Meghalaya's head of state

The governor of Meghalaya serves as the ceremonial head of the Indian state of Meghalaya. Appointed by the president of India, the governor holds office as long as the president desires. The governor's official residence is the Lok Bhavan.

The position of the governor of Meghalaya came into existence following the creation of the state in January 1972 as a result of the bifurcation of Assam. The first governor was Braj Kumar Nehru, then governor of Assam who concurrently of the governor of the newly created state of Meghalaya from 21 January 1972 until his transfer on 19 September 1973. From 21 January 1972 until 27 July 1989, the Governor of Assam concurrently served as the Governor of Meghalaya.

The current governor is C. H. Vijayashankar who has been in office since 30 July 2024. He is the 18th governor.
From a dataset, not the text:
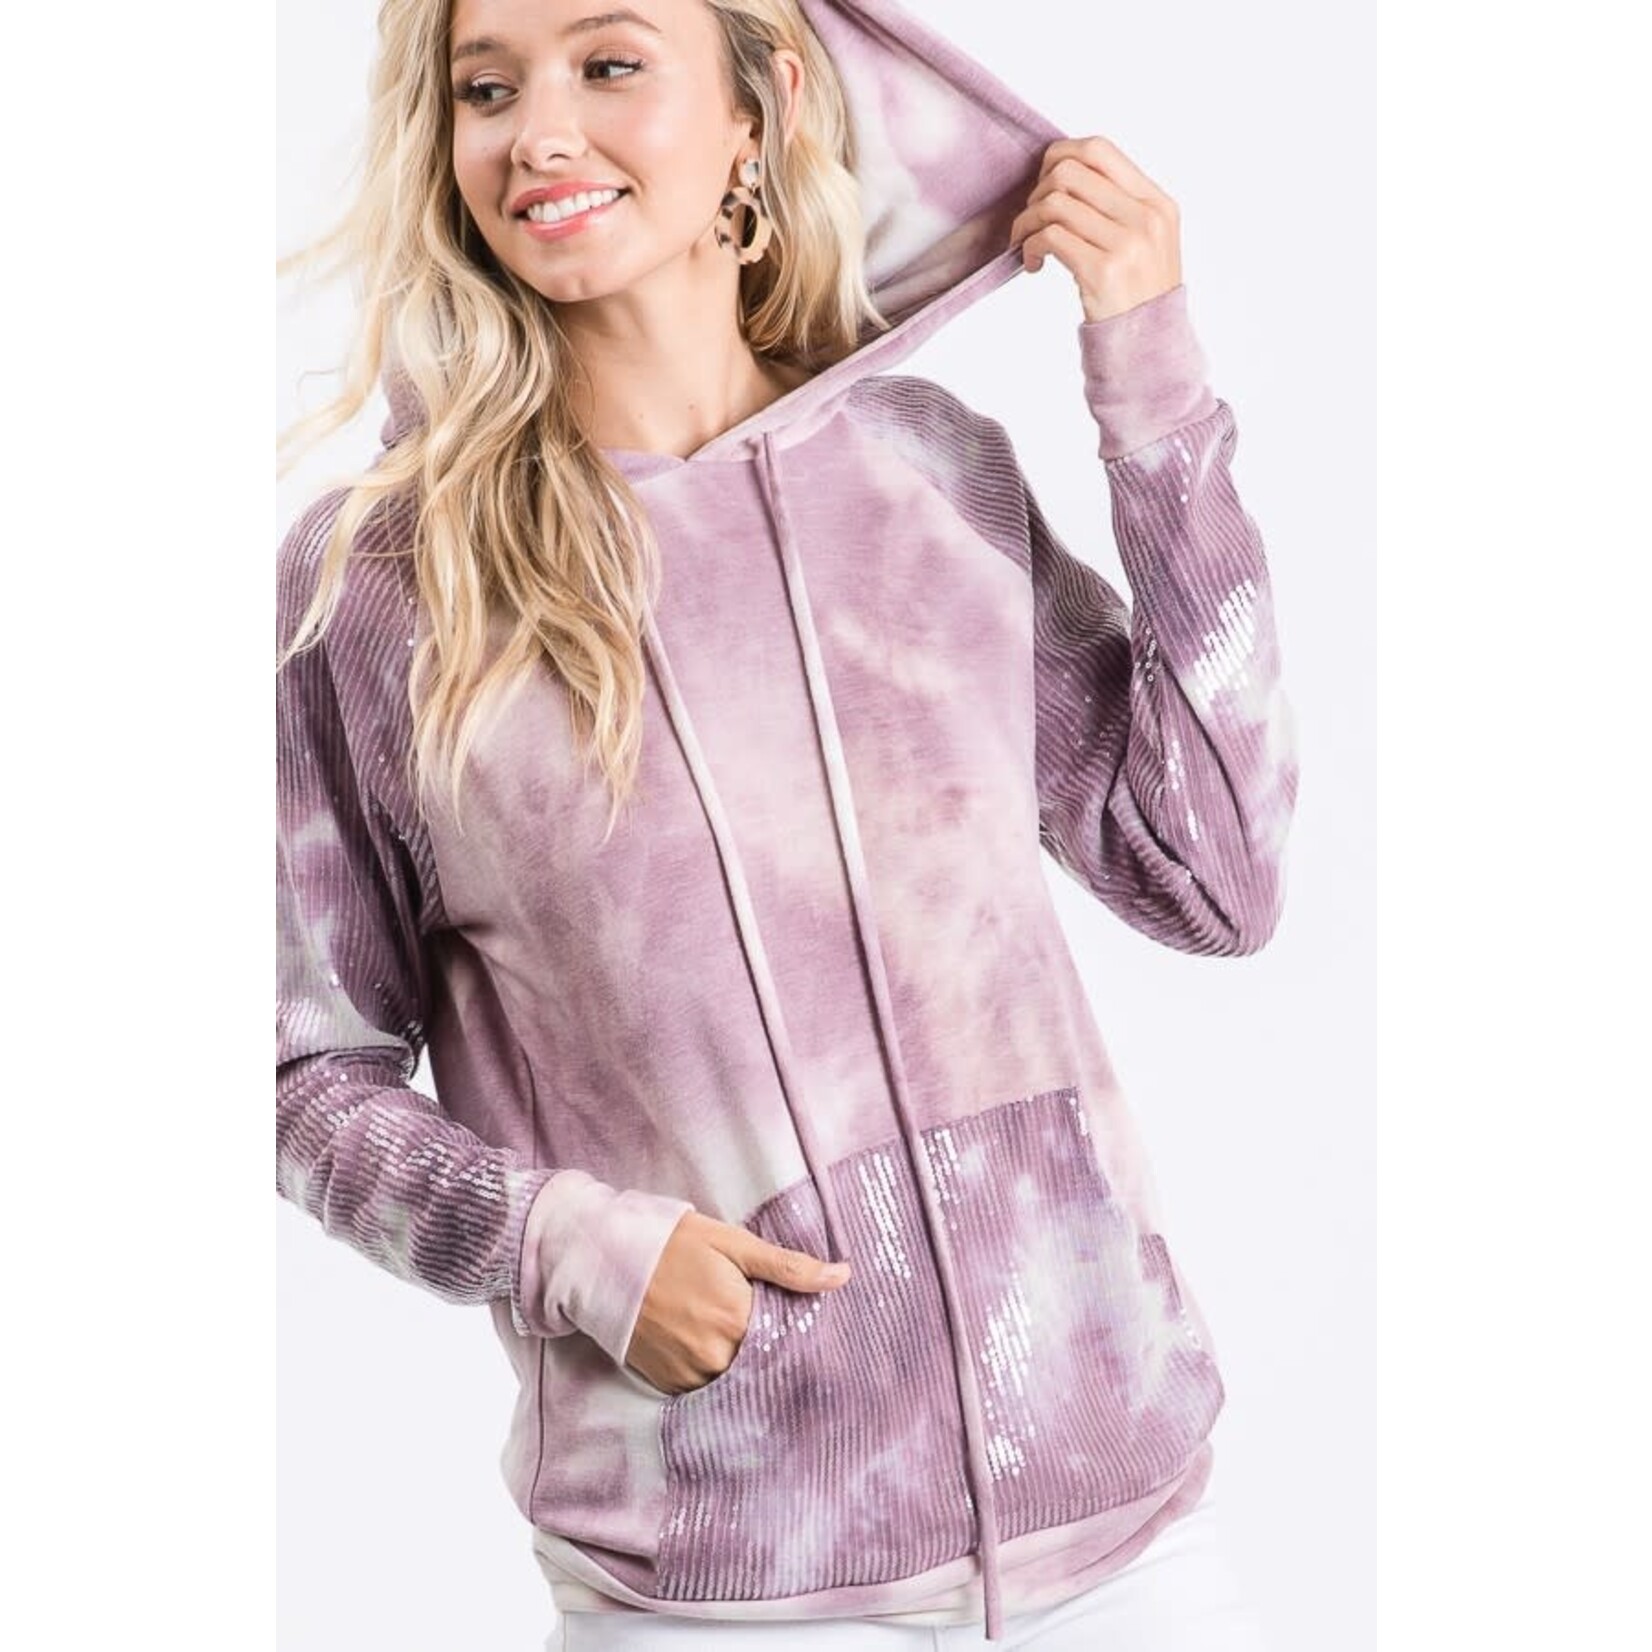 7th Ray 7th Ray Tie Dye Sequin Contrast Hoodie

The longest-serving governor of the state is M. M. Jacob who served for from 19 June 1995 until retiring on 11 April 2007.

==Powers and functions==

The governor enjoys many different types of powers:

- Executive powers related to administration, appointments and removals,
- Legislative powers related to lawmaking and the state legislature, that is Vidhan Sabha or Vidhan Parishad, and
- Discretionary powers to be carried out according to the discretion of the governor.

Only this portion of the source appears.